Upgraded from the 28 rss to the 31RQS at the Syracuse R.V Show. We have been thinking (OK me not we) about getting into a walk around bed instead of the slide-out. 
Real excited to get the 31 but a little sad to give up the 28, Daughter was pretty sad, she wanted to keep the 28. Change is tough sometimes I just hope it is worth giving up 28 we really had no problems before.


----------



## PDX_Doug (Nov 16, 2004)

Congratulations on the new upgrade, lillukie!
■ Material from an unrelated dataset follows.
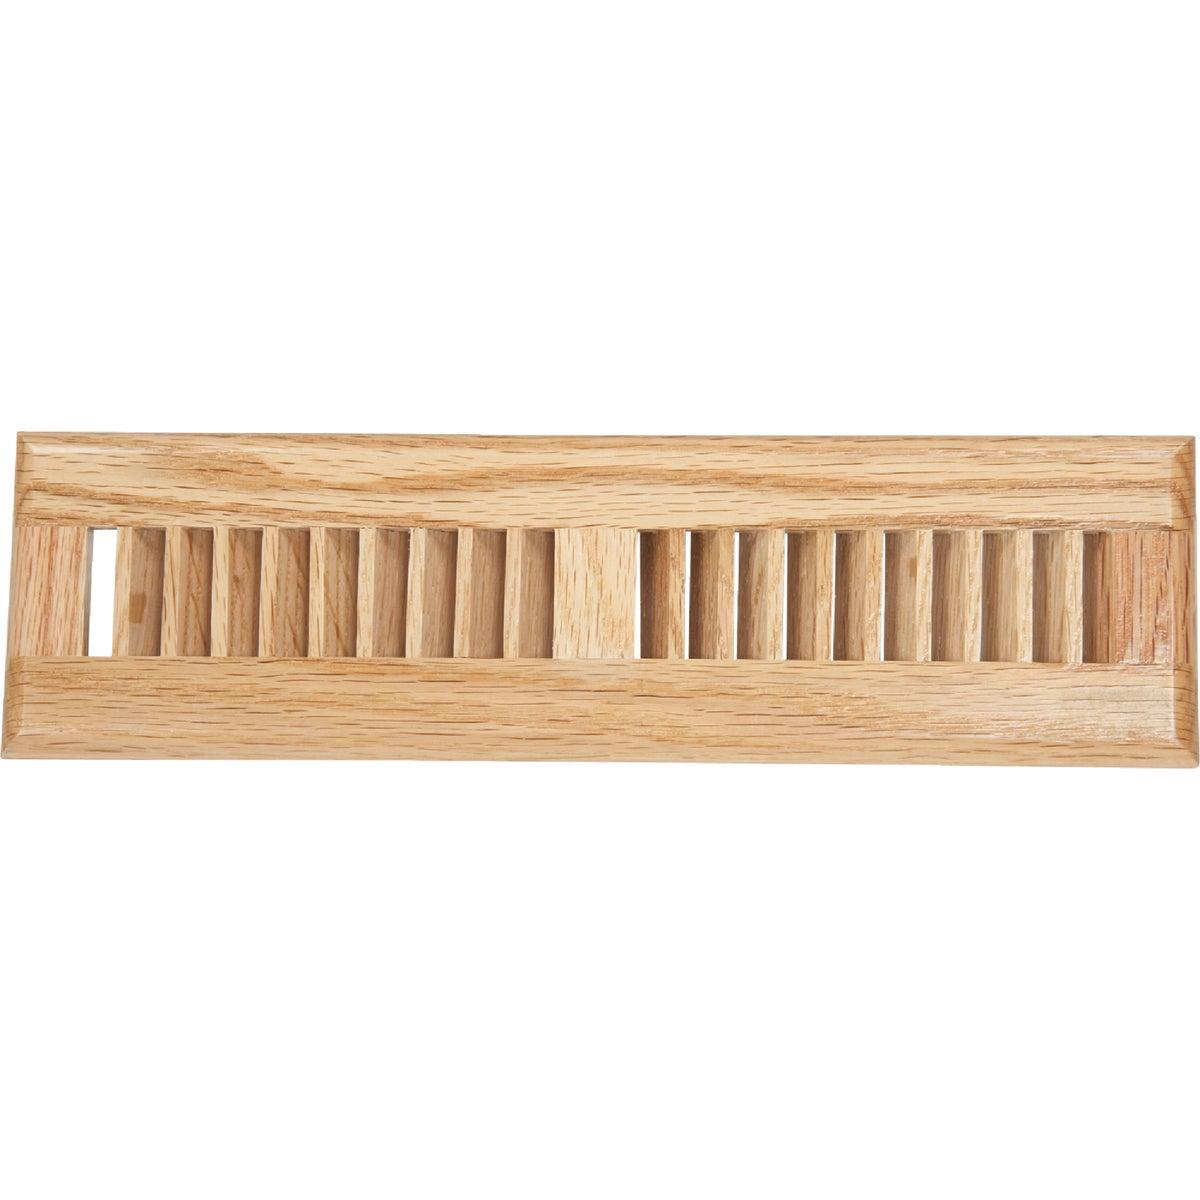 Home Impressions Contemporary Oak Floor Register, WF0212L0
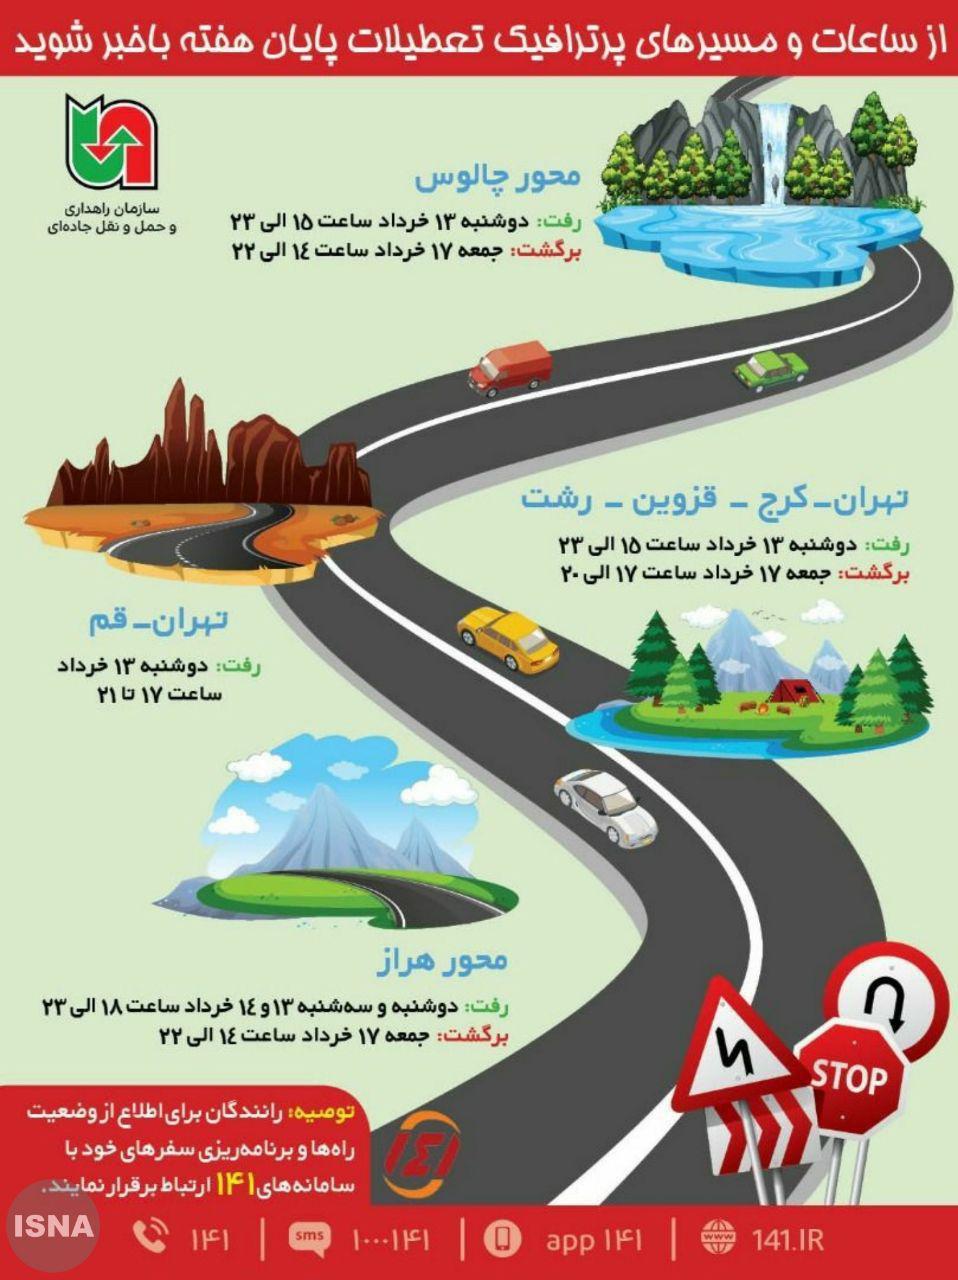 پیش بینی وضع هوا و جاده های کشور در تعطیلات

I'm sure you will love it!

Happy Trails,
Doug


----------



## TheDoxieHaus (Feb 14, 2006)

Congrats, we went from a corner bed to a walk around bed and boy what a difference it was. Just the ease in making the bed on the walk around bed made the change worth it.


----------



## nynethead (Sep 23, 2005)

The walk around bed was the big decision when my DW was selecting the TT. we went from the 23/26RS to the 28 and arrived at the 29BHS because of the front queen and no bed slide.


----------



## hatcityhosehauler (Feb 13, 2004)

congrats on the upgrade
Tim


----------



## drobe5150 (Jan 21, 2005)

*congrats on the trade up*

darrel


----------



## zoomzoom8 (Nov 8, 2005)

Congrats! That's one mighty fine lodge you got there......


----------



## camping479 (Aug 27, 2003)

hatcityhosehauler said:


> congrats on the upgrade
> Tim
> [snapback]88339[/snapback]​


I'll betcha you're not too far behind, Tim









Congrats on your new trailer!!


----------



## tdvffjohn (Mar 10, 2005)

Nice upgrade









John


----------



## Oregon_Camper (Sep 13, 2004)

If we were just starting I think we would land up with the 31RQS. That is one sweet trailer.


----------



## HootBob (Apr 26, 2004)

Congrats LILLUKIE on the upgrade to the 31RQS
I'm sure once your daughter is in it for awhile she'll forget about the 28RSS
Enjoy the new TT









Don


----------



## MrsDrake97 (Feb 28, 2006)

Congrats on the 31RQS! We are newbies to RVing and purchased the same trailer in January! We ABSOLUTELY love it and have been on 4 trips with it since late January! You made a great choice!

Best Wishes,

Lori, Tom, Sarah, Macy & mini doxie- Herbie!
San Diego CA

ps... To Doxie Haus,,,where did you get your doxie avatar! It looks identical to our Herbie! Too CUTE!


----------



## gone campin (Jan 29, 2006)

action 







Congratulations on the new Outback!


----------



## Y-Guy (Jan 30, 2004)

Congrats on keeping it in the family!!!


----------